Backfill edition for Tuesday, March 2, 2021, in America/New_York. Trump’s post-presidency damage tour was still rolling, and the receipts were already piling up.

This backfill edition zeroes in on the Trump-world screwups that were most visible on March 2, 2021: the lingering fallout from his lie-heavy CPAC reboot, the legal and political damage from the House’s renewed fight over his tax records, and the broader problem of a former president trying to turn grievance into a governing strategy. It was not a quiet day in Trump-land; it was a day when the whole operation kept making the same argument louder, even as the facts, the courts, and the political math kept moving the other way.

Closing take

The pattern on March 2 was simple: Trump’s brand was still built on domination, but the world around him was increasingly built on documentation. Courts, committees, and critics were not impressed by the volume. They had the paperwork.

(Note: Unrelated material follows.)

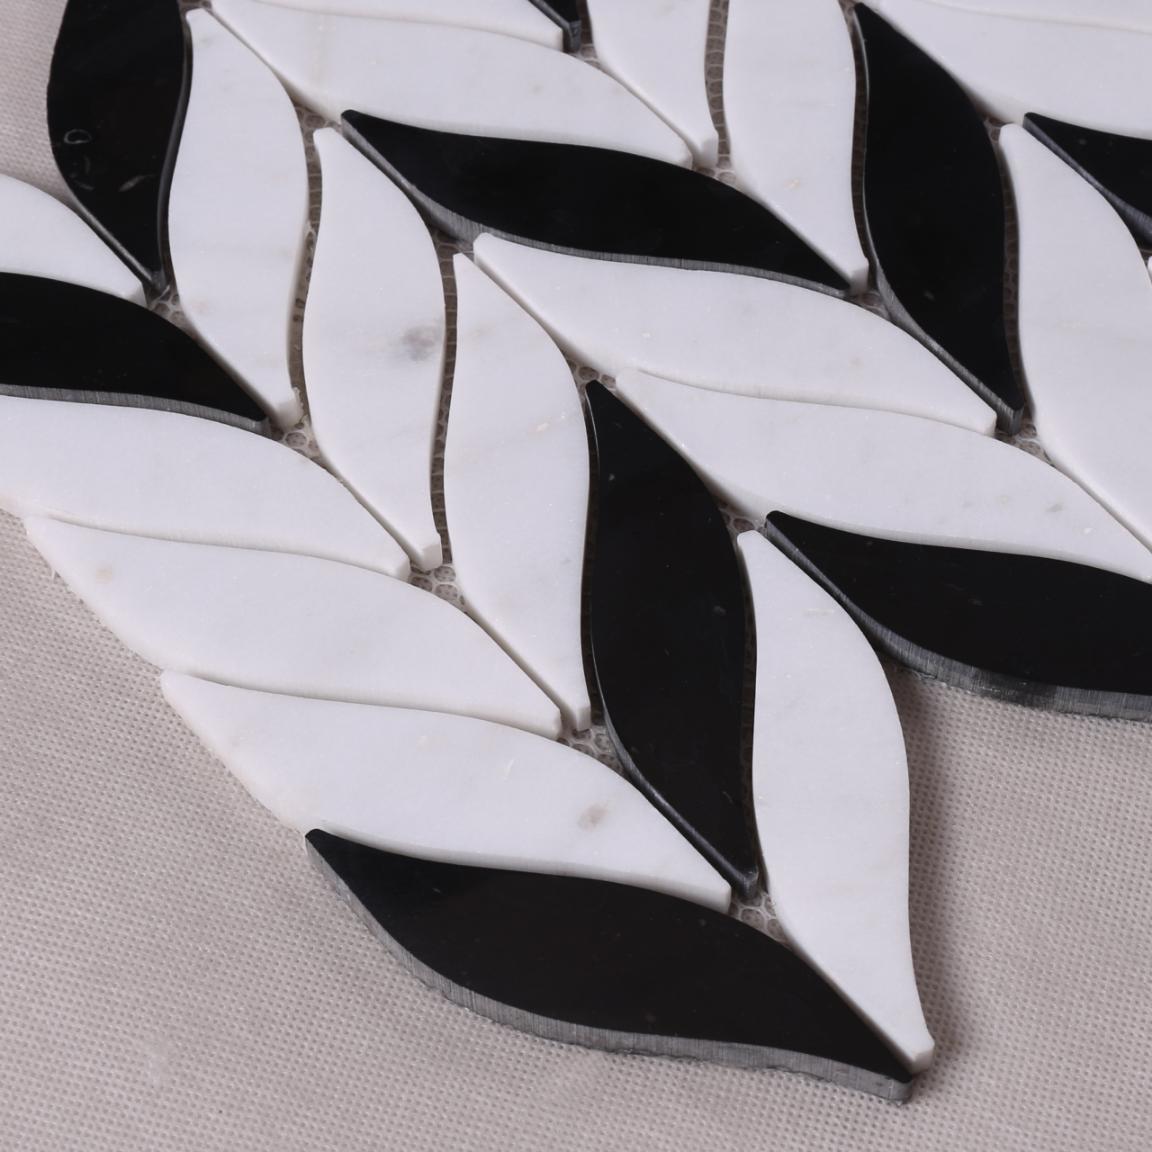 Leaf Design Natural Stone Mosaic Tile for Background Wall Decoration HSC04
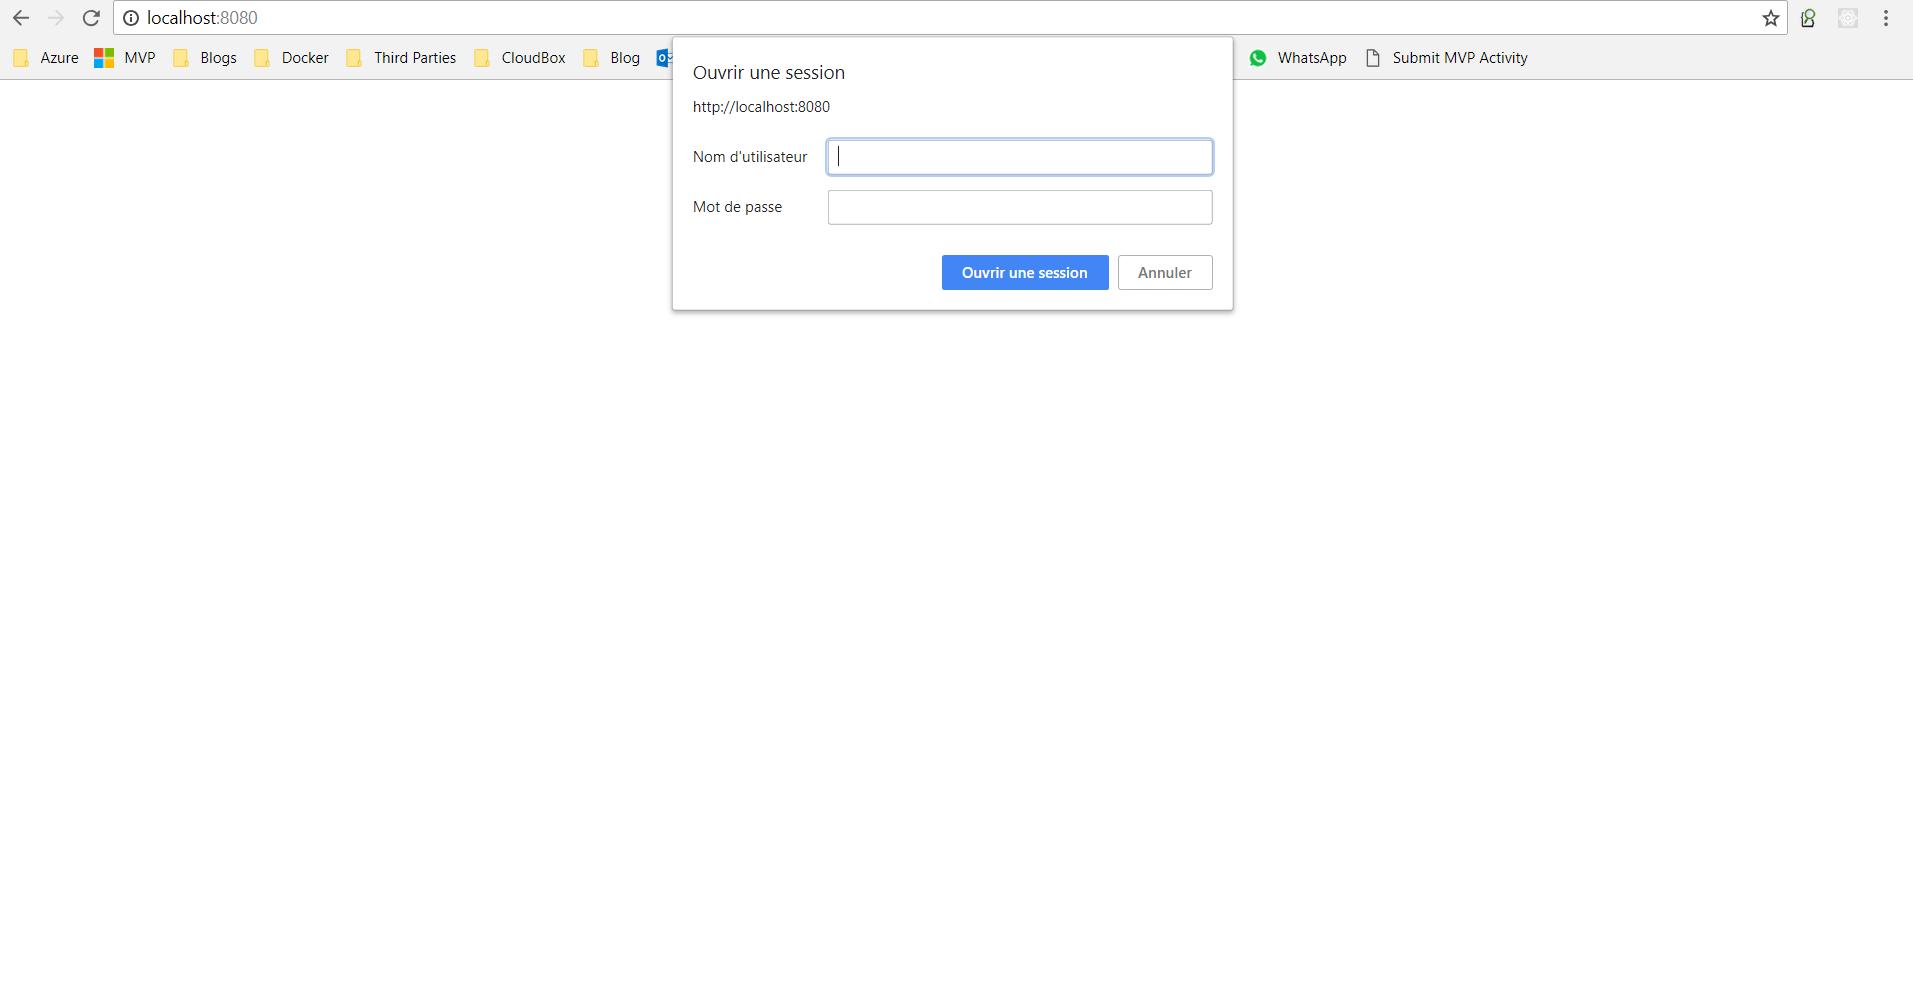 Créer un serveur de log avec Docker, Elastic Search, Kibana et Nginx

Ranked by how bad the fuckup was

5 stars means maximum fallout. 1 star means a smaller self-own.

Story

Trump’s CPAC Reboot Turned Into an Election-Lie Festival

★★★★☆Fuckup rating 4/5 Serious fuckup

Trump’s first major post-presidency appearance kept echoing long after the microphones came off, because the speech doubled down on the stolen-election myth, attacked his own party’s insufficient loyalty, and reminded everyone that his political operation still runs on grievance rather than governing. The immediate backlash was less about surprise than about scale: he was no longer president, but he was still trying to drag the Republican Party deeper into his reality distortion field.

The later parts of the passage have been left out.